Те, кому нечего чинить и штопать, разговаривают вполголоса или, таясь от надзирателей, играют в коло­тушки, шахматы, домино. Большинство же дремлет си­дя. Слишком мало времени дают нам для сна. Поэтому все мы охвачены постоянным и неутолимым желанием: спать, спать и спать.

От окончания раздачи пайка и до обеда во всей тюрьме затишье. Надзиратели редко заглядывают в ка­меры через дверные окошечки. Они, так же как и мы, дремлют, хотя для того, чтобы выспаться, времени у них достаточно и ночью.

В два часа дня мы получаем по поллитра горячего варева, назвать которое обедом было бы слишком пыш­но. Заключенные называют его скромнее и грубее: "ба­ланда". Это нечто, вроде жиденького супа, сваренного по очень несложному рецепту: пара пригоршней крупы на ведро воды без примесей жира. Иногда крупа заме­нялась столь же незначительным количеством квашеной капусты или солеными селедочными головками.

После обеда, до вечерней поверки и следующей за нею оправки, заключенные опять дремлют или занимаются своими делами и делишками. В 7 часов вечера нас угощают "ужином". Он точная копия "обеда "с добав­лением кружки кипятку. От последнего почти все отка­зываются. С чем его пить, если хлеб и сахар съедены еще днем?...

До отбоя ко сну осталось около пяти часов. Тяже­лые часы. Каждая их минута заполнена все усиливаю­щейся дремотой, нетерпеливым ожиданием начальст­венного позволения спать и страхом перед возможно­стью вызова на допрос.

Время тянется медленно, как арба с ленивыми быка­ми в упряжке. Наконец, часы в коридоре бьют двена­дцать. Заключенные заранее приготовили свои места для спанья, чтобы с первым же звуком "отбойного звон­ка" свалиться на них и уснуть. Но наша охрана не спе­шит так, как она спешила с "подъемом" утром. Проходит не менее пяти минут, прежде чем в коридоре звенит зво­нок, сопровождаемый криками надзирателей:

—Давай, ложись спать! Давай, ложись!

День в тюрьме длинный, но заключенным часто не хватает времени, тем более, что много его отнимает у них дремота, с которой трудно, а порой вовсе невоз­можно бороться.

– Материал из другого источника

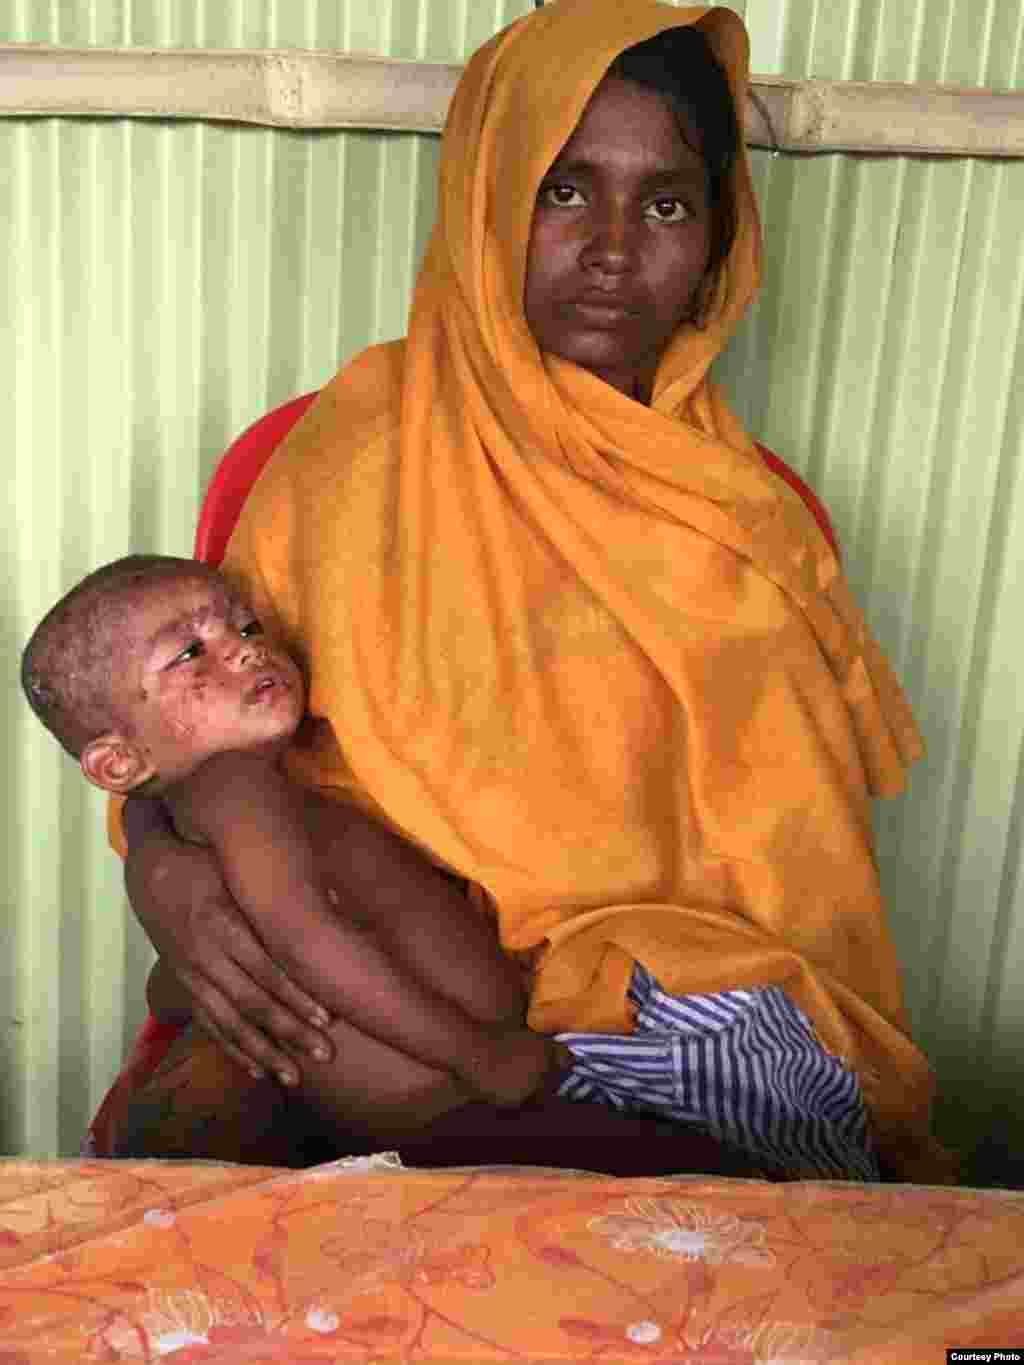 Seorang perempuan menggendong anak yang sakit di kamp pengungsi Rohingya di Bangladesh. (Foto: Dr. Imran Akbar)

У каждого из нас ежедневно находится какое-либо Дело. Например, чтобы починить одежду или заштопать носки, нужны иголки и нитки. Ни то, ни другое нам не дают и поэтому нам приходится делать их самим. Нит­ки мы делаем, распуская старые, до последней степени изорванные носки; при надобности из этих ниток пле­тем веревочки. Иголки у нас деревянные, из обточениых на цементном полу щепочек. Кое у кого, впрочем, есть и железные самодельные иглы. Для изготовления их использованы случайно найденные куски проволоки или украденные на допросах у следователей скрепки для бумаг.